Table 6 Cox models: does social disconnectedness mediate the association between social isolation and mortality?

Health behavior is then explored as a potential pathway between social isolation and higher mortality: socially isolated individuals may have worse lifestyles in terms of smoking and drinking more and moving less, which could put them at a higher risk of mortality. When adding health behavior information into the model (column (2) of Table 7), the hazard ratio of the social isolation index drops slightly from 1.23 to 1.19. All three variables come up as highly significant: smoking at baseline increases the mortality hazard by 83%, while being sedentary at baseline (i.e., never engaging in vigorous or moderate activity) raises this rate by 14%. Our measure of alcohol consumption, on the other hand, fails to capture the harmful effects of alcohol, since it is associated with lower mortality. This has to be either due to the definition used, that is, having drunk any alcohol over the last 3 months or the last 7 days depending on the wave, or due to the fact that by controlling for health and socio-economic status, alcohol can be associated with positive outcomes. Had we been able to observe more extreme forms of alcohol consumption, such as binge drinking and alcoholism (which is included from Wave 4), then the result might have been different.

Table 7 Cox models: do healthcare and health behavior mediate the association between social isolation and mortality?

Regarding healthcare utilization as another potential pathway, the addition of healthcare utilization information (column (3)) appears not to alter the SI coefficient whatsoever.
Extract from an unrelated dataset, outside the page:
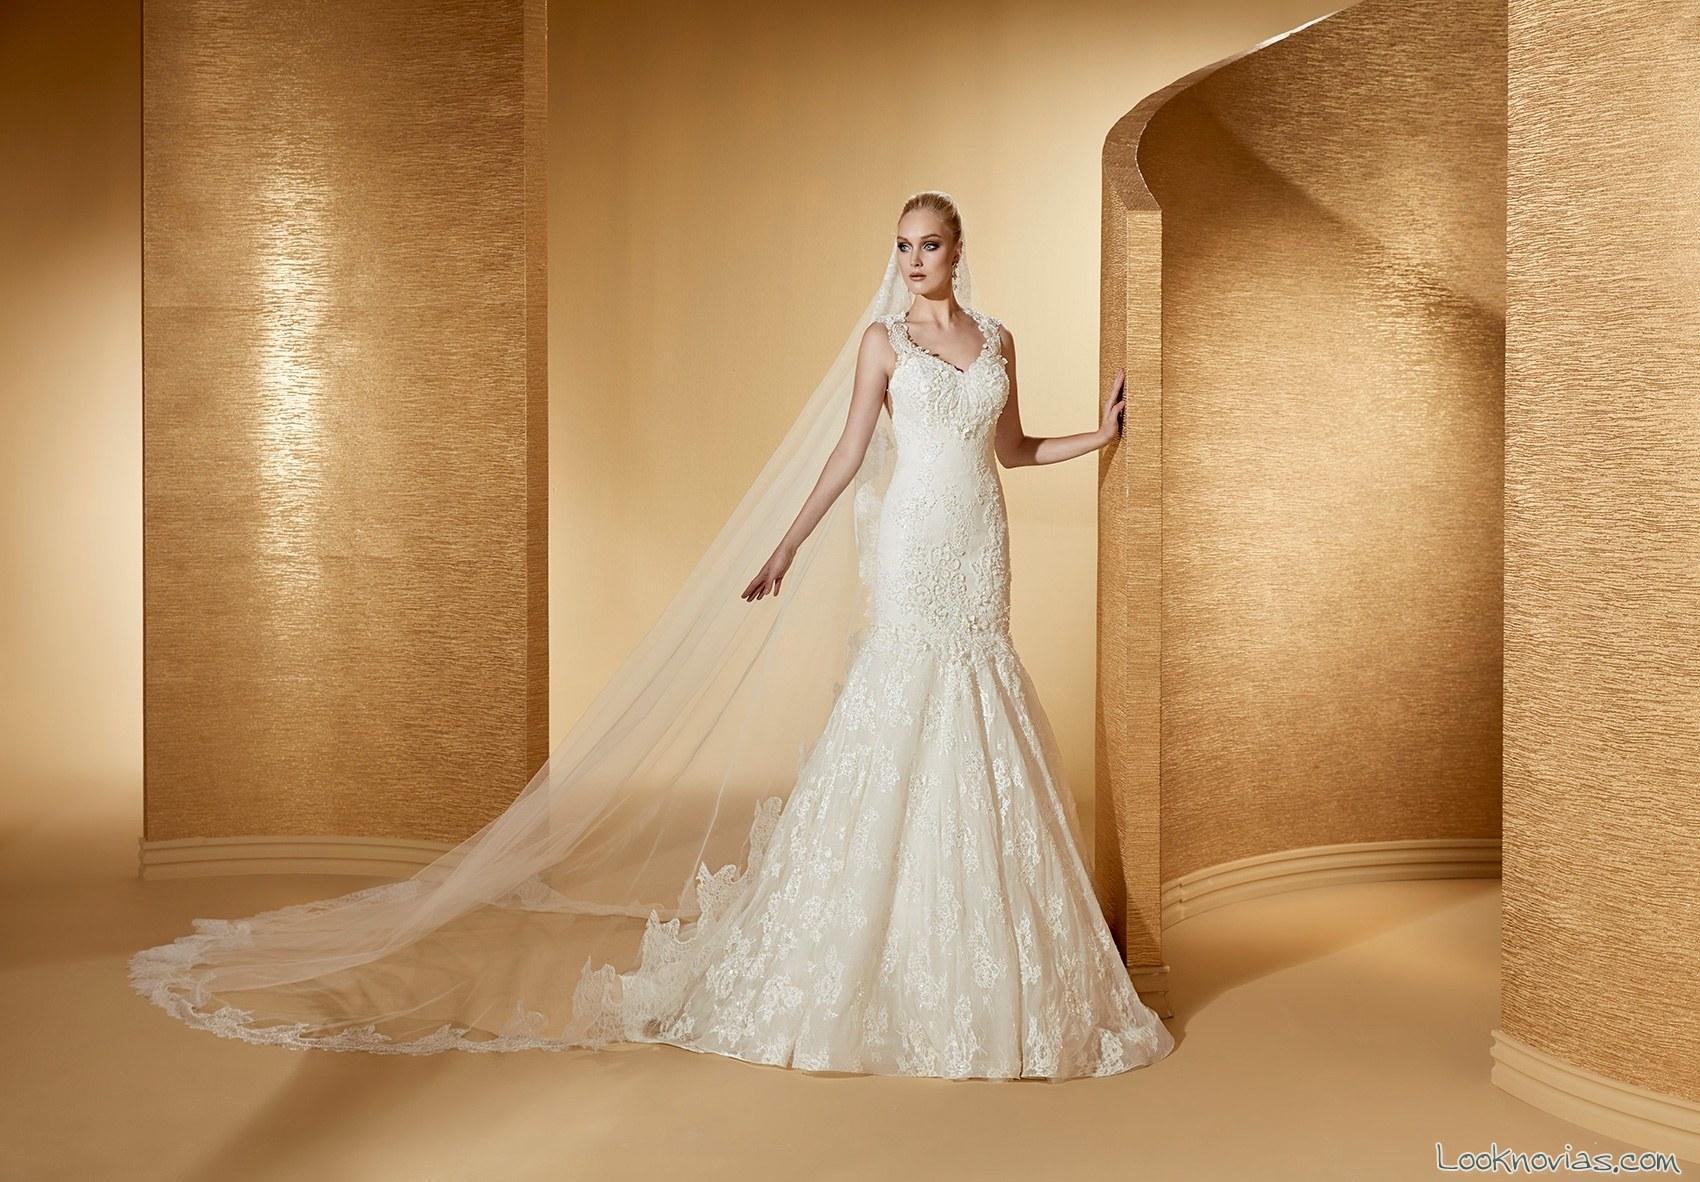 Vestido sirena nicole spose romance color blanco

Neither the number of medicines an individual takes at baseline nor the number of doctor visits one has had over the last 12 months, seem to matter once health is taken into account (when health controls are not included in the equation, then the number of medicines does). In contrast, having stayed overnight at a hospital over the last 12 months is associated with a 13% higher hazard, even though all observable dimensions of health are controlled for at baseline. This latter finding highlights one dimension that is not well captured by our health controls, that is, the severity of one’s condition: although self-assessed health and the number of chronic diseases are controlled for, the severity of the illness of an individual might be better proxied by adding the number of overnight stays in hospital in the past 12 months.

Lastly, when these potential “mediators” are allowed to vary wave by wave, then they tend to take away more of the SI impact on mortality, since sedentarism and hospital stays gain greater importance, which is consistent with them capturing some unobserved part of the health deterioration process. Although loneliness, social disconnectedness and health behavior show some correlation with both social isolation and mortality, none of these appear as major channels of the association between social isolation and mortality. The following section studies how social isolation affects the dynamics of health (in its observable dimensions), health behavior, and healthcare utilization, and assesses how much of its impact on mortality is directed through each of these dimensions.
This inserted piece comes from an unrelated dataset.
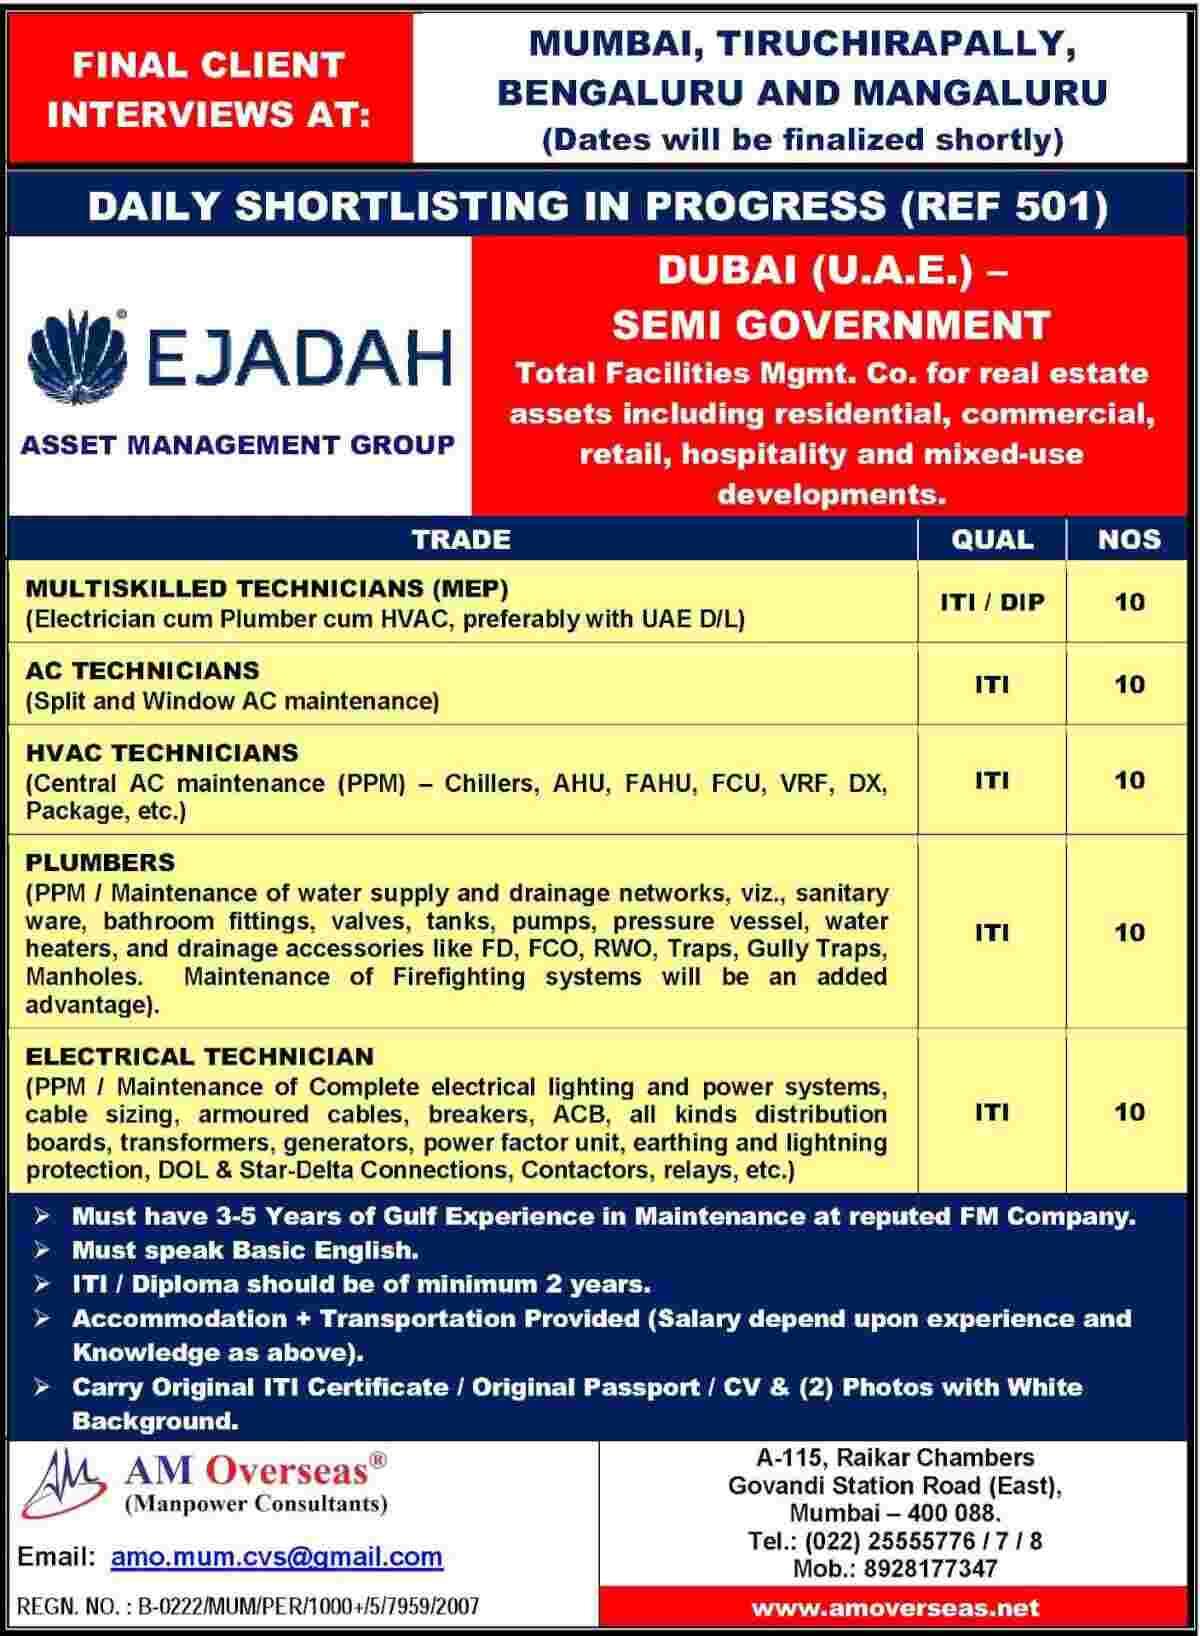 Gulf jobs | Hiring for EJADAH Asset management group Dubai

4 The dynamic impact of social isolation on health, health behavior, and healthcare utilization outcomes

4.1 Health outcomes

As a second step in digging into the potential pathways from social isolation to health, the dynamics of the association between social isolation and all relevant dimensions of health are explored, some of which should show a significant decline (since social isolation leads to heightened mortality). As before, the focus is on major health indicators belonging to both the objective and subjective health spectrum and summarizing all relevant dimensions of health: physical (including frailty and functional health/limitations), mental, and cognitive health. Our sample is exactly the same as before but it should be borne in mind that the number of observations decreases over time as 41,821 individuals form part of our sample, observed through 2 consecutive waves, while only 7506 are observed 6 waves after their entry (which does not imply participating in all waves in between).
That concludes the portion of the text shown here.